Pero los cimientos, esta vez, eran más sólidos de lo que cabría esperar. La embestida se quedó en un muy mal año —2009— y una recuperación —a partir de 2010— tan fulgurante como la caída. América Latina demostró haber aprendido un puñado de lecciones de su traumático pasado. "Hasta entonces, todos los contagios habían acabado en crisis en el mercado financiero. La gran diferencia fue la mejor regulación bancaria, que permitió que el impacto sobre el sector fuese prácticamente nulo, y un precio de las materias primas más alto", apunta José Luis Machinea, exministro de Economía de Argentina durante el Gobierno de Fernando de la Rúa. "A diferencia de episodios anteriores", agrega Osvaldo Kacef, director de desarrollo económico de la Cepal cuando estalló la crisis, "en 2008 la relación entre deuda externa y reservas era mucho más favorable, lo que dio una situación inédita de liquidez y solvencia".
Latinoamérica, con todo, dista mucho de ser un bloque uniforme. La simplificación ayuda, a ojos europeos, a comprender la realidad de una región tan lejana, pero las realidades son múltiples. Economías de características dispares entre sí y solo agrupables (para hacer las cosas más fáciles) en torno a dos grandes ejes: América del Sur —muy dependiente del valor de sus exportaciones de materias primas—y México y sus países vecinos —muy abiertos al exterior y con un creciente peso de las manufacturas sobre su PIB—.
Para este segundo grupo, el contagio de la debacle financiera fue prácticamente inmediato. Un resfriado en EE UU es una gripe en México y 2009 fue un año aciago: el PIB cayó más de un 5% arrastrado por el desplome en los pedidos de la industria y la trayectoria descendente de las remesas. Sería su primer ejercicio en negativo desde 2002, pero también el último hasta la fecha.

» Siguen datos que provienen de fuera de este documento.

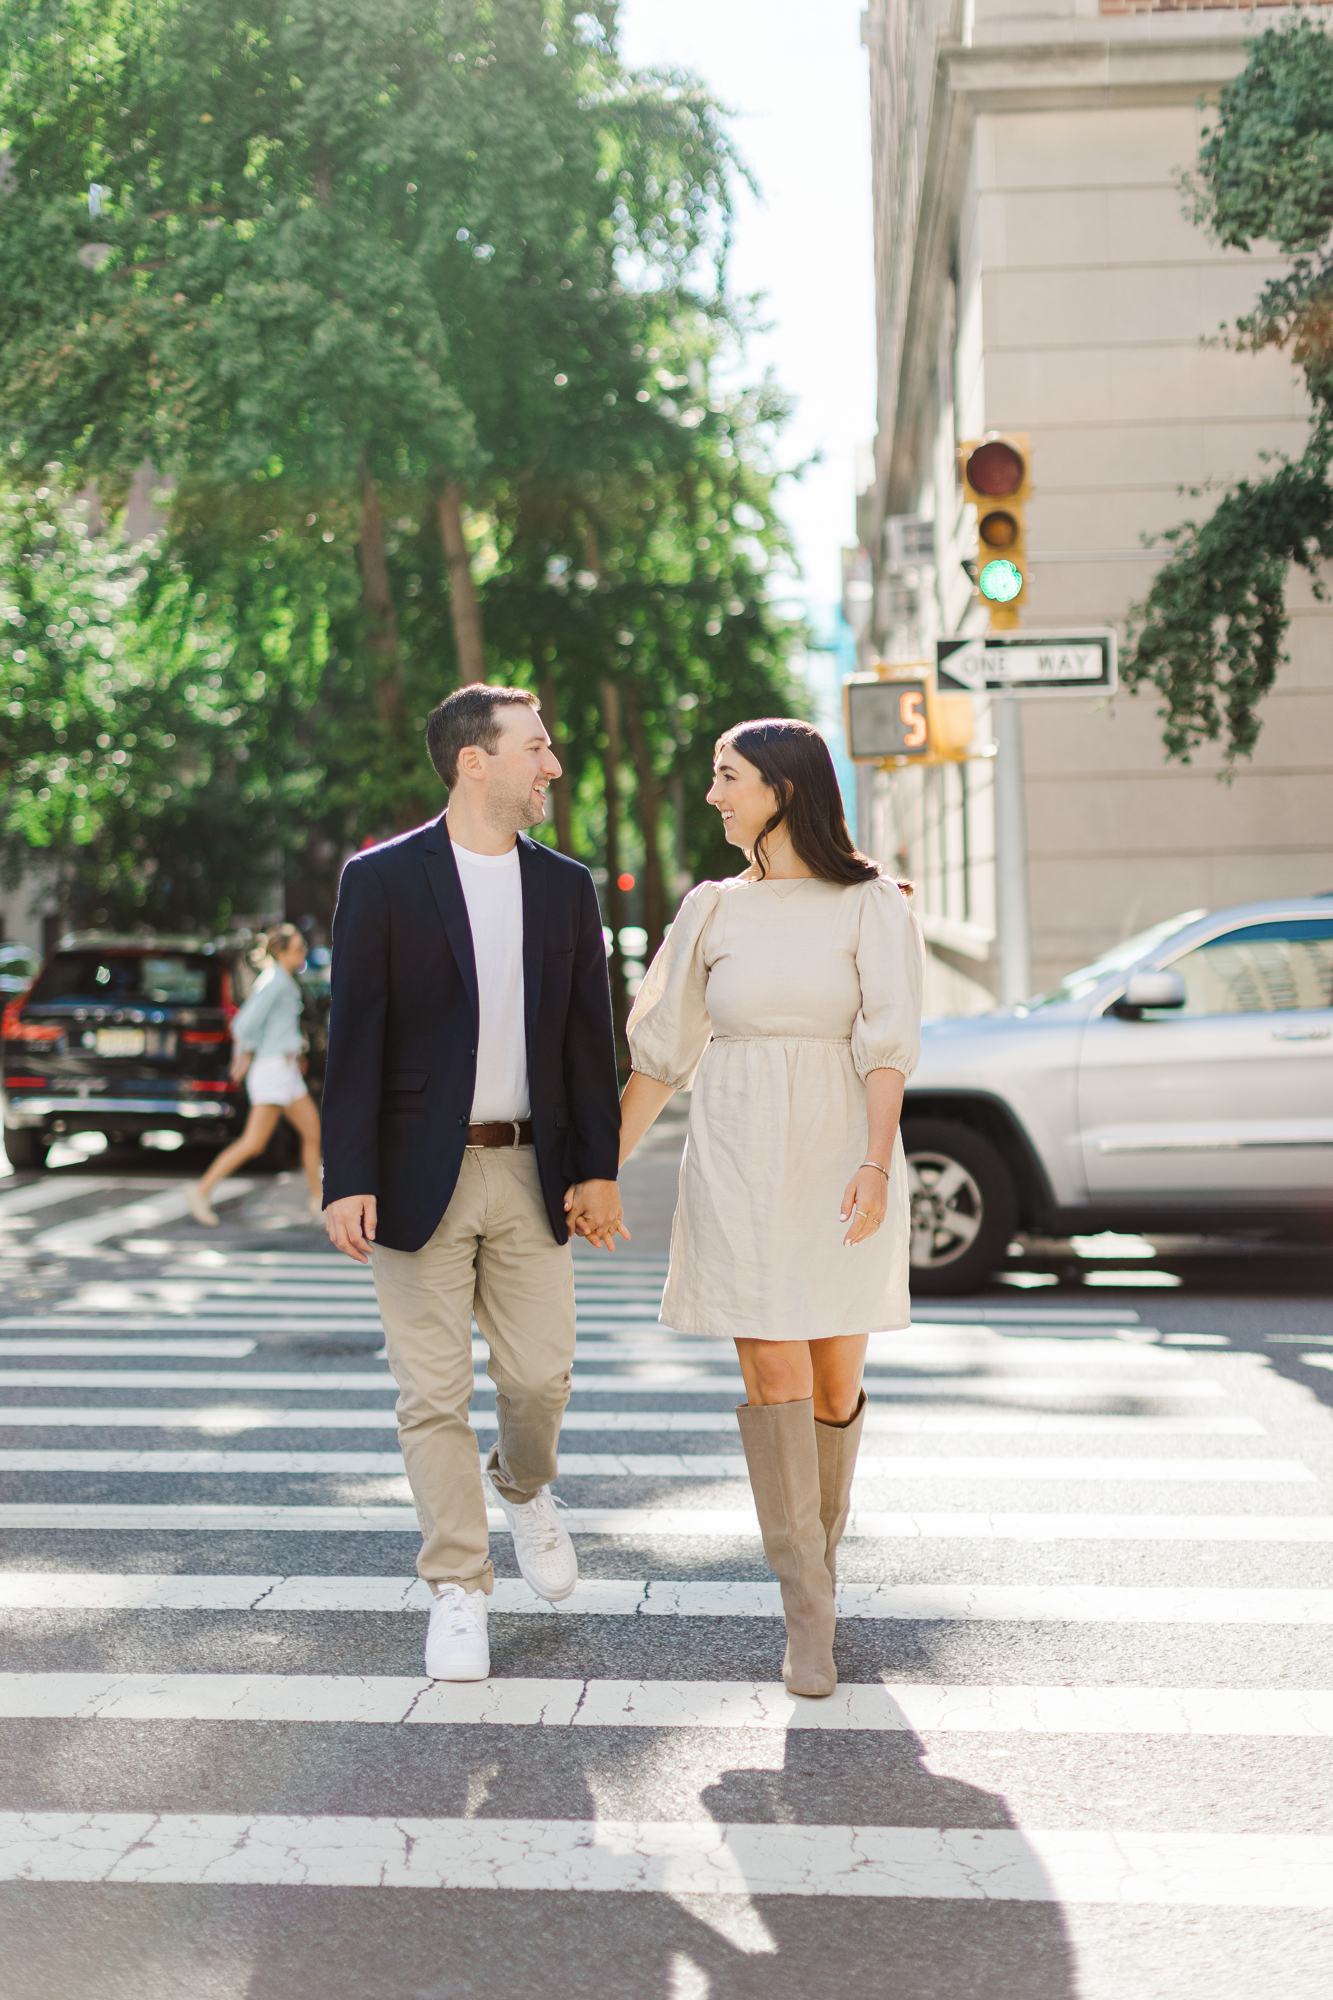 Awesome Engagement Photos In Upper East Side

La recuperación de la segunda mayor economía latinoamericana —como la de la guatemalteca, la costarricense o la panameña, por citar solo algunas— fue tan abrupta como la caída: en 2010, México prácticamente calcó la cifra del año anterior, pero con el signo contrario. Y en 2011 y 2012, el ritmo de expansión siguió por encima del 3%.
Al sur, el fin del financiamiento externo y el derrumbe de la demanda de materias primas repercutieron en los países productores de la región, como Brasil, Argentina, Chile y Perú —Venezuela ya empezaba a regirse por sus propias dinámicas, no precisamente positivas, incluso cuando el petróleo aún cabalgaba por encima de los 100 dólares por barril—. Pero el cataclismo de Wall Street los encontró fuertes, en medio del boom en el precio de los productos básicos: del crudo —importante sostén de casi todos los países de la región— al cobre, el hierro o la soja. Todas estas economías contaban con superávit fiscales y las arcas de sus bancos centrales estaban llenas. Y la experiencia de crisis globales anteriores les había llevado a tomar precauciones ante eventuales turbulencias. Cuando llegó la tormenta, los Gobiernos tuvieron recursos para aplicar políticas contracíclicas, desviando dinero público para apuntalar la producción y el consumo. "Fue la primera vez que los países latinoamericanos pudieron tomar este tipo de medidas, tanto en el plano fiscal como en el del mercado de trabajo", recuerda Machinea.
2009 fue el año de la Gran Crisis. Los PIB de toda América del Sur habían terminado 2008 en positivo; en algunos casos, como Perú, con alzas de doble dígito, pero se derrumbaron meses después. El más golpeado fue Argentina, con una caída del 5,9%. "Son países que dependen mucho de la entrada de divisas y ésta se frenó casi por completo", apunta Kacef. Pero Argentina también fue el país sudamericano que se recuperó con más fuerza en 2010, cuando su PIB subió más del 10%.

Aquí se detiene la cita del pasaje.